The processing model is as follows:

(1) XML processing normalizes attribute values and expands entity and 
character references. You're talking about an element here so I'm not 
sure why you cited attribute normalization; but either way, entity and 
character references are expanded before schema processing starts. The 
output of this stage is an infoset, which acts as the input to the 
schema processor.

(2) The schema processor preprocesses whitespace in the element or 
attribute according to the whitespace facet for the relevant type. For 
xs:token and most other data types, this has the value "collapse", which 
removes leading and trailing whitespace, and reduces internal whitespace 
to a single space (x20) character.

(3) The value after whitespace preprocessing must be in the lexical 
space of the data type. In the case of xs:token (a data type whose name 
is singularly inappropriate and misleading, by the way), the definition 
of the lexical space is such that the result of whitespace preprocessing 
will always be a value in the lexical space.
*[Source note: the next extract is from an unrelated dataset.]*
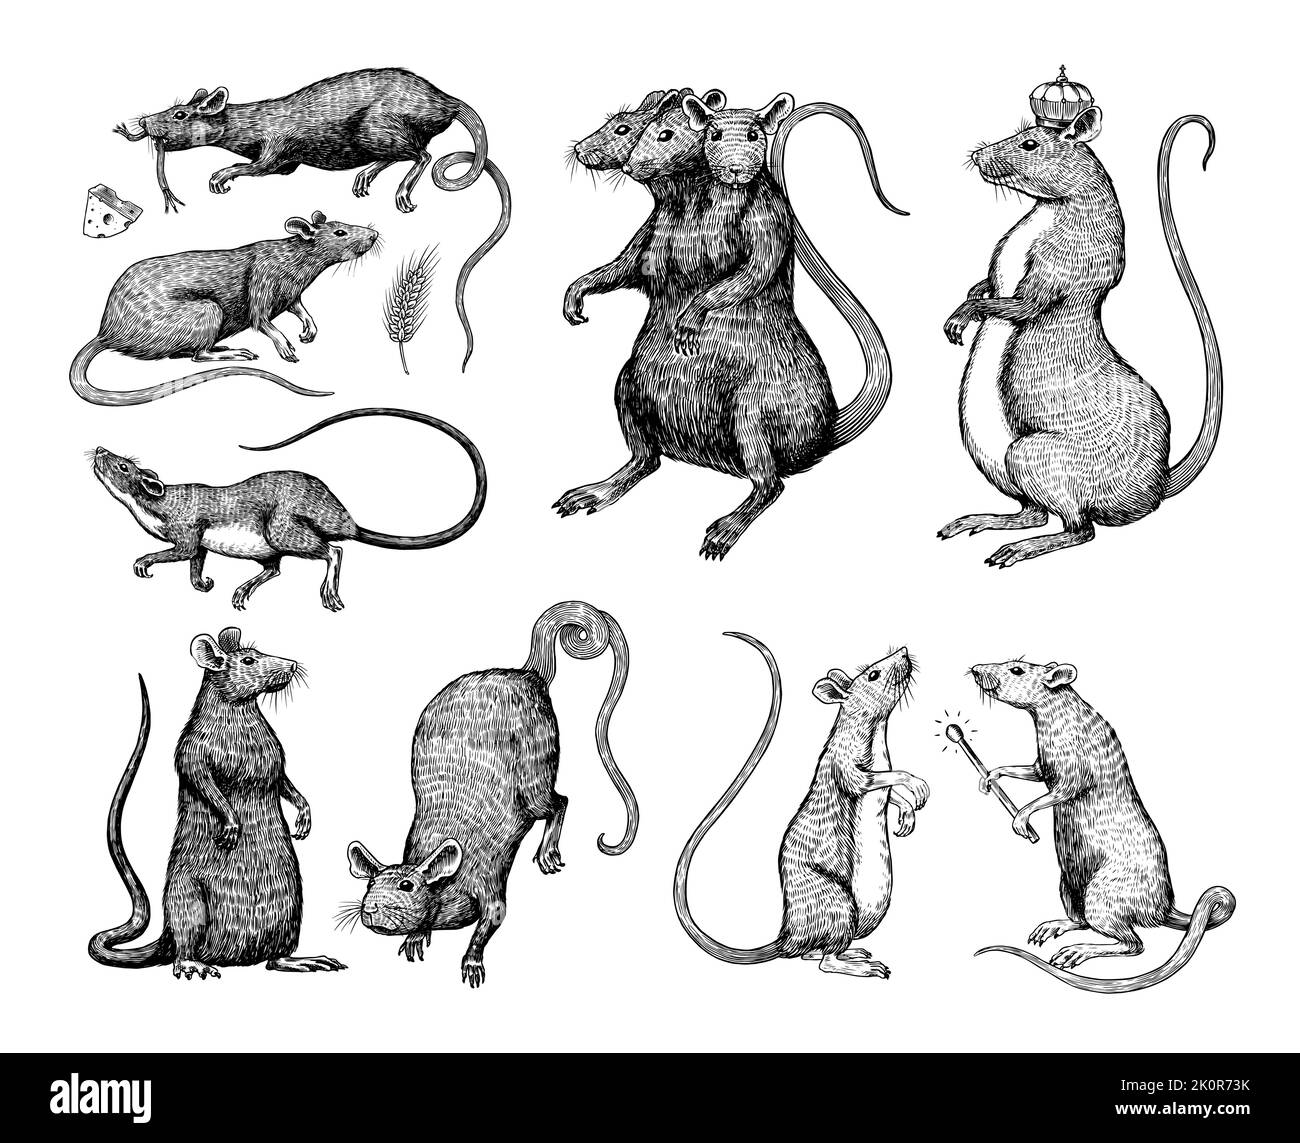 Roi de rat ou souris. Animal sauvage graphique. Croquis vintage dessiné à la main. Éléments de grunge gravés. Illustration de Vecteur
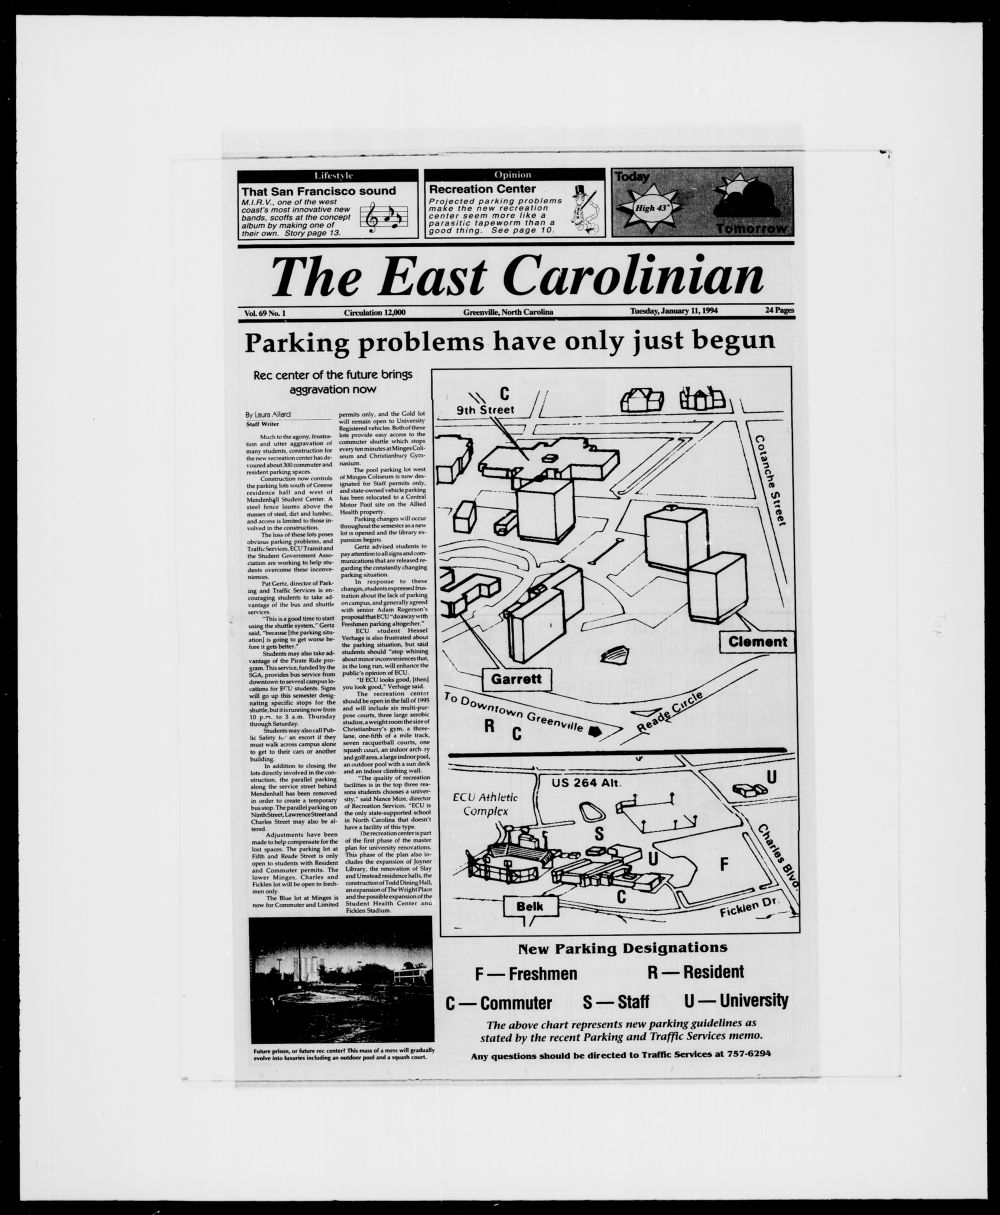 The East Carolinian, January 11, 1994 photo

(4) This lexical value is then converted to a value in the value space 
of the data type. For xs:token and other subtypes of xs:string, this is 
essentially a null operation.

So the answer to your question is that when you use xs:token in a 
schema, values encountered in instance documents will always be valid 
regardless what whitespace they contain, and regardless whether it is 
written using entity or character references. The value space does not 
allow certain combinations of whitespace, but this will never cause 
validation errors, because the whitespace facet ensures that such 
sequences will never occur after whitespace preprocessing.

Michael Kay
Saxonica

On 17/11/2010 00:27, Thomson, Martin wrote:
> I know that whitespace is an area that is filled with pitfalls, but I have been asked a very simple question and I don't know what the right answer is.
>
>    Does the value space for xs:token include U+A, U+9, U+D, or consecutive U+20 characters?
>
> Superficially at least, [1] seems to say no.  But [1] refers to [2] in its definition.  The text and examples in [2] clearly show that the product of normalization can include (at least some of) these characters by using character references (&#---;) as a form of escaping.
>
> Reading this, I had assumed that "<x>&#x20;a&#xa;</x>" would produce PSVI containing " a\n" even if the whitespace facet is set to "collapse".
>
> After being reminded that schema validation works on the infoset, I discovered remnants of whitespace handling in [3].  I find that description somewhat puzzling, but I assume that in referring to xml:space [4] it defers whitespace processing to the "application".  The description of xml:space="default" could be read in any number of ways [5].
>
> [4] requires that validating processor pass information on whitespace to applications.  That, along with [2], could suggest that the answer to the question was originally intended to be 'yes'.
>
> On the other hand, I've not found an implementation that either passes whitespace information or passes any of the above characters to an application.  So the de facto answer appears to be 'no'.
>
> I'm seeking some clarification on this question.  What is intended [6]?
>
> Cheers,
> Martin
>
> [1] http://www.w3.org/TR/xmlschema11-2/#rf-whiteSpace
> [2] http://www.w3.org/TR/xml/#AVNormalize
> [3] http://www.w3.org/TR/xml-infoset/#infoitem.character
> [4] http://www.w3.org/TR/xml/#sec-white-space
> [5] XML and XML Infoset define different whitespace handling for attribute values and element content.  Fun.
> [6] From a purely pragmatic standpoint, expecting behaviour other than what existing implementations exhibit would be foolish.  But that doesn't stop me from thinking that this could somehow be useful.  The attribute-value normalization behaviour is complex, but being able to represent any character is a useful characteristic.
Received on Wednesday, 17 November 2010 09:28:18 UTC